3. You can drive for four hours in one direction and never leave town
4. You have over 100 recipes for Mexican food.
5. You know that "dry heat" is comparable to what hits you in the face when you open your oven door at 500 degrees.
6. The four seasons are: tolerable, hot, really hot, and ARE YOU KIDDING ME??
(Note from Carol: It's really not that bad – even in the summer. )
You can retire to California where -
1. You make over $450,000 and you still can't afford to buy a house.
2. The fastest part of your commute is going down your driveway.
3. You know how to eat an artichoke.
4. When someone asks you how far something is, you tell them how long it will take to get there rather than how many miles away it is.
5. The four seasons are: Fire, Flood, Mud and Drought.
You can retire to New York City where -
1 You say "the city" and expect everyone to know you mean Manhattan.
2. You can get into a four-hour argument about how to get from Columbus Circle to Battery Park, but can't find Wisconsin on a map.
3. You think Central Park is "nature."
4. You believe that being able to swear at people in their own language makes you multilingual.
5. You've worn out a car horn. (IF you have a car.)
6. You think eye contact is an act of aggression
You can retire to Minnesota where -
1. You only have three spices: salt, pepper and ketchup.
2. Halloween costumes have to fit over parkas.
3. You have seventeen recipes for casserole.
4. Sexy lingerie is anything flannel with less than eight buttons.
5. The four seasons are: almost winter, winter, still winter, and road repair.
6. The highest level of criticism is "He is different," "She is different," or "It was different!"
You can retire to The Deep South where -
1. You can rent a movie and buy bait in the same store.
2 "Y'all" is singular and "all y'all" is plural.
3. "He needed killin" is a valid defense.
4. Everyone has two first names: Billy Bob, Jimmy Bob, Joe Bob, Betty Jean, Mary Beth, etc.
5. Everything is either: "in yonder," "over yonder" or "out yonder."
6. You can say anything about anyone, as long as you say "Bless his heart" at the end!
You can move to Colorado where -
1. You carry your $3,000 mountain bike atop your $500 car.
2. You tell your husband to pick up Granola on his way home, so he stops at the day care center.

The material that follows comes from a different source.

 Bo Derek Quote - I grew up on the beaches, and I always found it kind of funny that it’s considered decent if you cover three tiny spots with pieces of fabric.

3. A pass does not involve a football or dating.
4. The top of your head is bald, but you still have a pony tail.
You can retire to Nebraska or Kansas where -
1. You've never met any celebrities, but the mayor knows your name.
2. Your idea of a traffic jam is three cars waiting to pass a tractor.

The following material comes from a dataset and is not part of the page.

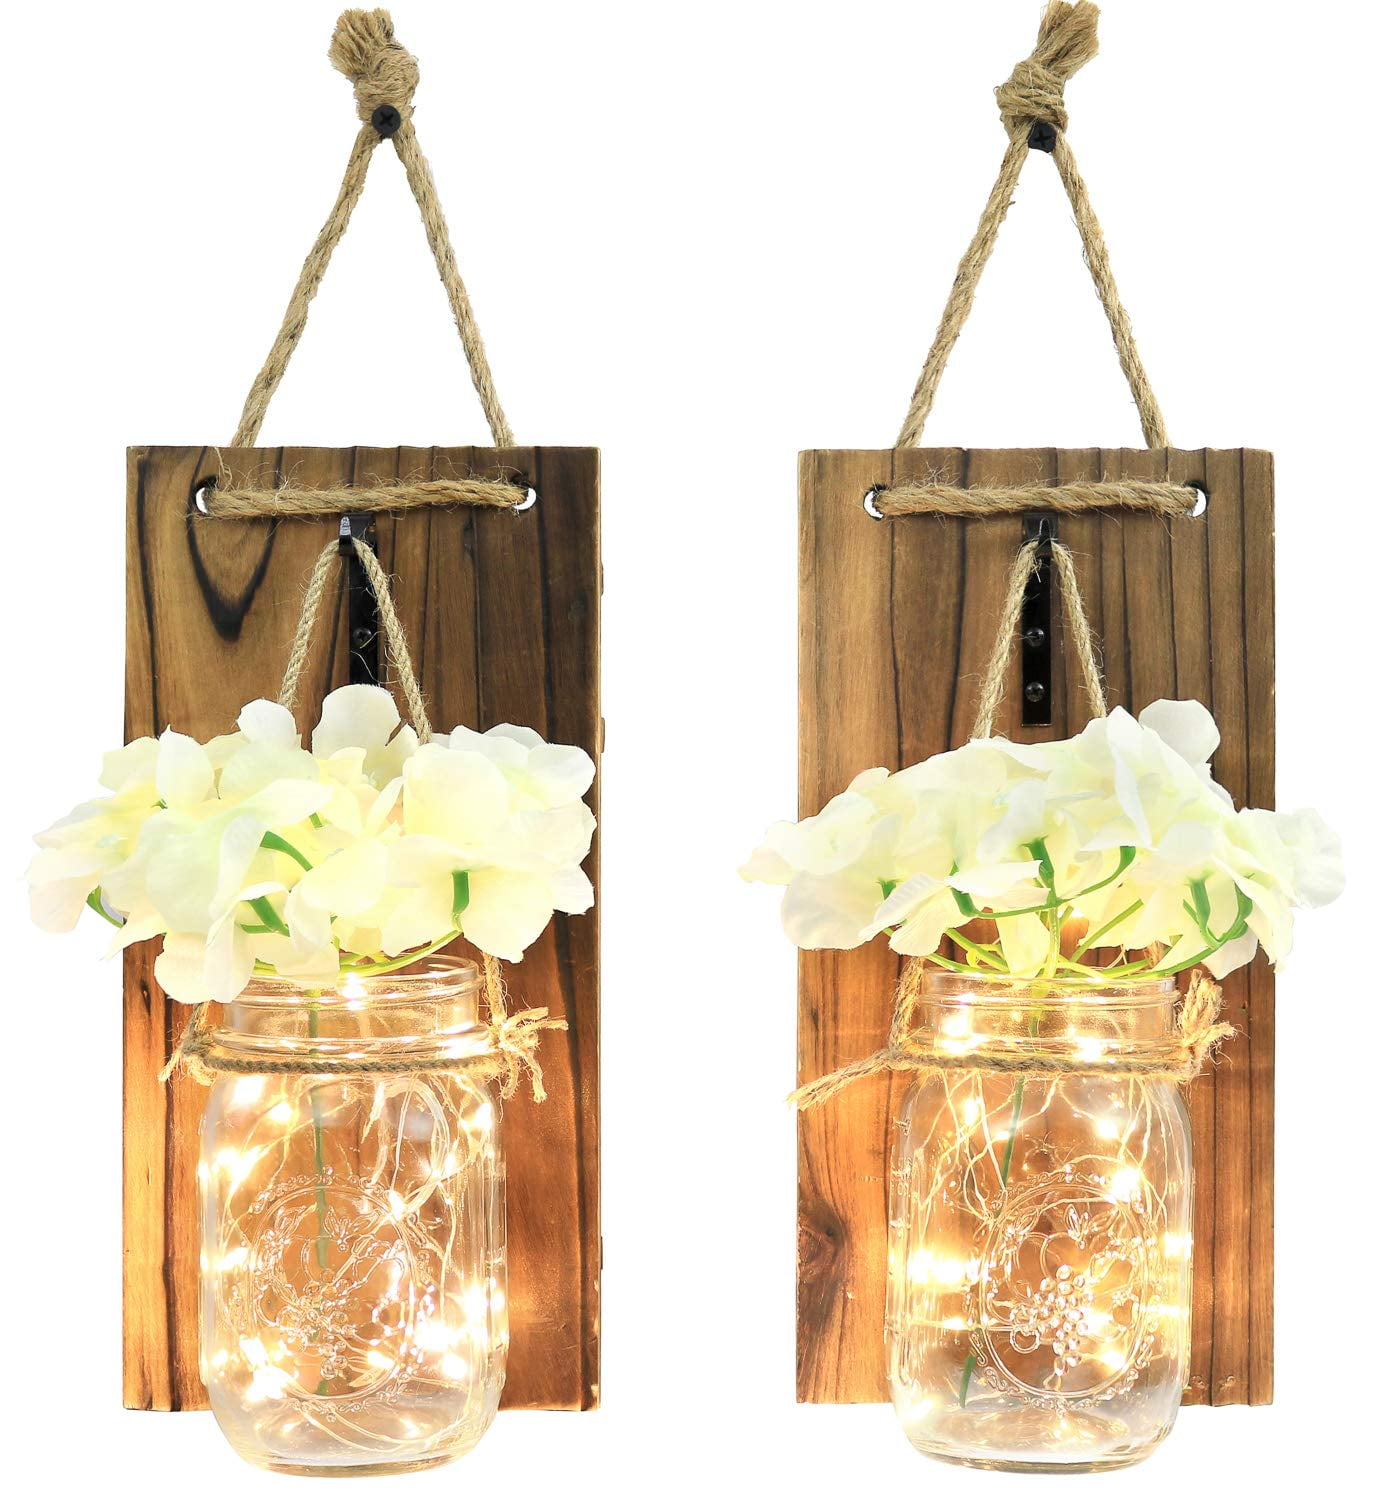 Homko Mason Jar Sconce With Led Fairy Lights And Flowers Rustic Hanging Mason

3. You have had to switch from "heat" to "A/C" on the same day.
4. You end sentences with a preposition; "Where's my coat at?"
FINALLY you can retire to Florida where -
1. You eat dinner at 3:15 in the afternoon.
2. All purchases include a coupon of some kind - even houses and cars.
3. Everyone can recommend an excellent cardiologist, dermatologist, proctologist, podiatrist, or orthopedist.
4. Road construction never ends anywhere in the state.
5. Cars in front of you often appear to be driven by headless people.